Я мало что помню о том времени. Говорят, что село было очень людным до 1932 года, но я запомнила заросшие бурьяном дворы и пустые хаты с открытыми дверями. Люди вымирали целыми семьями. Мама рассказывала: "Прохожу мимо дома, во дворе лежит человек — обтянутые кожей кости, он не в себе, умирает. Уже ни на что не реагирует, но в беспамятстве открывает рот, как будто хочет поймать какую-то еду". Мама прожила долгую жизнь, умерла в 96 лет. До смерти ей снились люди, которые безмолвно просили еду. Их убил не плохой урожай, как говорят. В 1933 году по селу ходили специальные бригады, их называли "гицели". Их вербовали за еду из числа жителей села. Гицели ходили по домам, забирали у людей зерно и продукты. Как-то зашли в нашу хату, достали из печи сваренный борщ и вылили его на землю. Нашей семье повезло больше, чем другим. В 1932 году в селе не уродила картошка, но наш огород был в низине, поэтому там что-то выросло. Родители выкапывали картошку ночью. Ее не стали искать и требовать отдать, поверили, что она не уродила — так же, как у всех. От голодной смерти нас спасли картошка и молоко. Родители перевели корову из хлева в комору — отгороженную часть дома, где раньше хранились соленья. Однажды ее чуть не украли — воры залезли в хату через соломенную крышу. Двери из сеней в ту часть дома, где жила наша семья, подперли снаружи. Помню, отец выбивал двери, а потом стал стрелять из охотничьего ружья. Когда двери удалось выбить, воры уже убежали — наверное, они испугались выстрелов. Но корову не успели вывести.

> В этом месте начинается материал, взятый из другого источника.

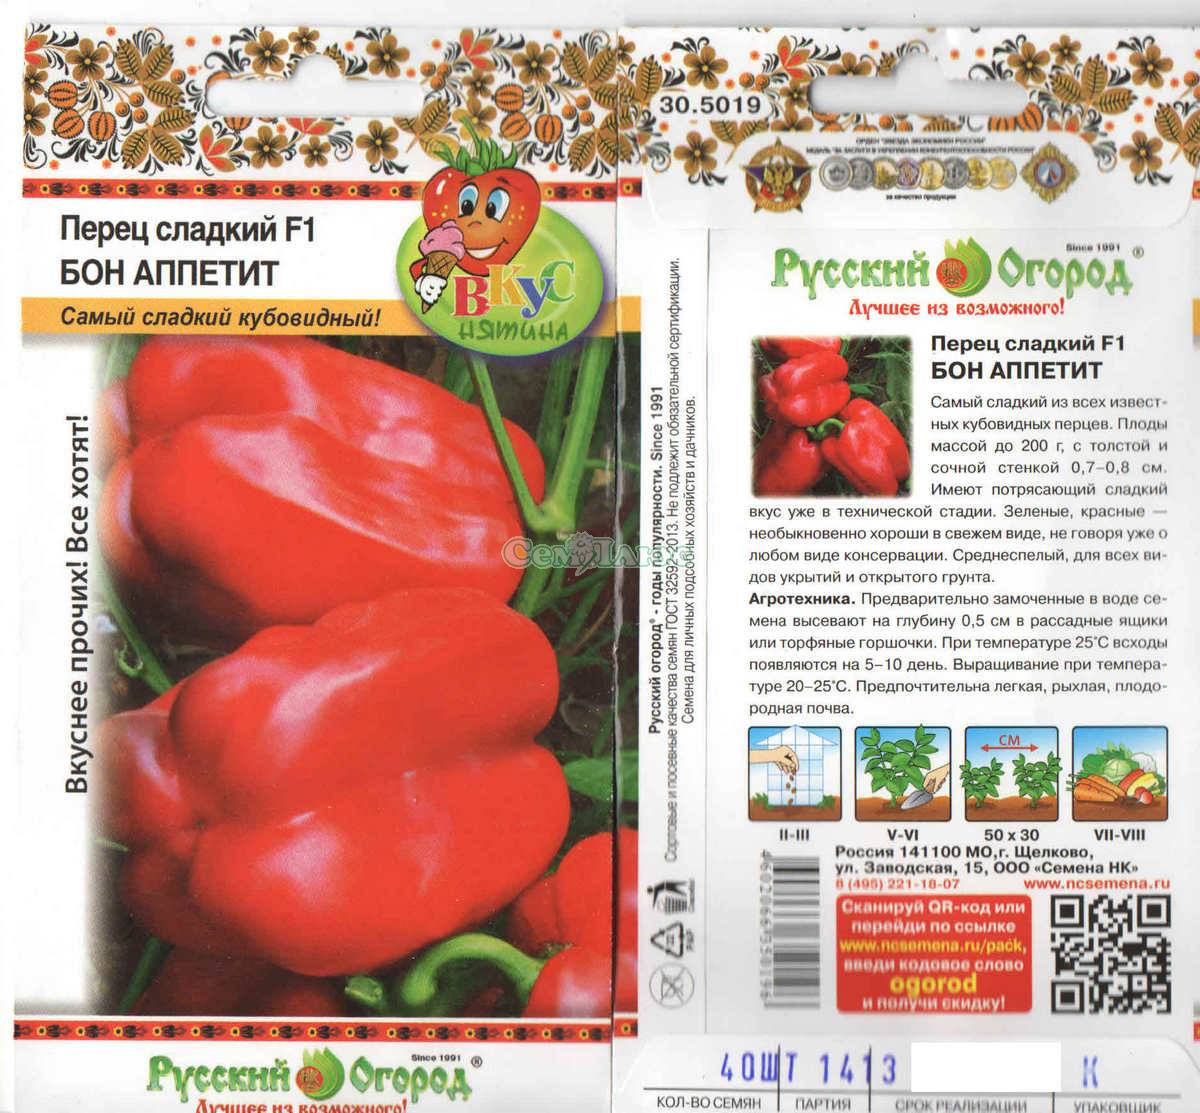 Томат бетта: характеристика сорта, фото плодов, описание особенностей выращивания, а также отзывы фермеров об этих помидорах

Это спасло нас от голодной смерти. Мы пережили войну и послевоенный голод 1947 года. Его я хорошо помню — мне было 18 лет. Я работала в исполнительной службе сельсовета, моя мама — на птичнике. Люди, которые трудились в поле, крали колоски, чтобы выжить. Они растирали зерна пшеницы в ступе, добавляли воду и варили бурду. Время от времени на них проводили облавы. Как-то в сельсовете я подслушала, что их будут ловить. Только вечером я смогла отпроситься с работы и рассказать об этом. Мама побежала в поле. Она встретила женщин, когда они возвращались домой. Она стала кричать: "Люди, у меня пропали гуси! Помогите найти гусей!". Люди были очень осторожны в то время, они поняли, что что-то не так, и выбросили колоски. Три женщины возвращались другой дорогой, они не знали об облаве. Их посадили на пять лет, но отпустили через три года.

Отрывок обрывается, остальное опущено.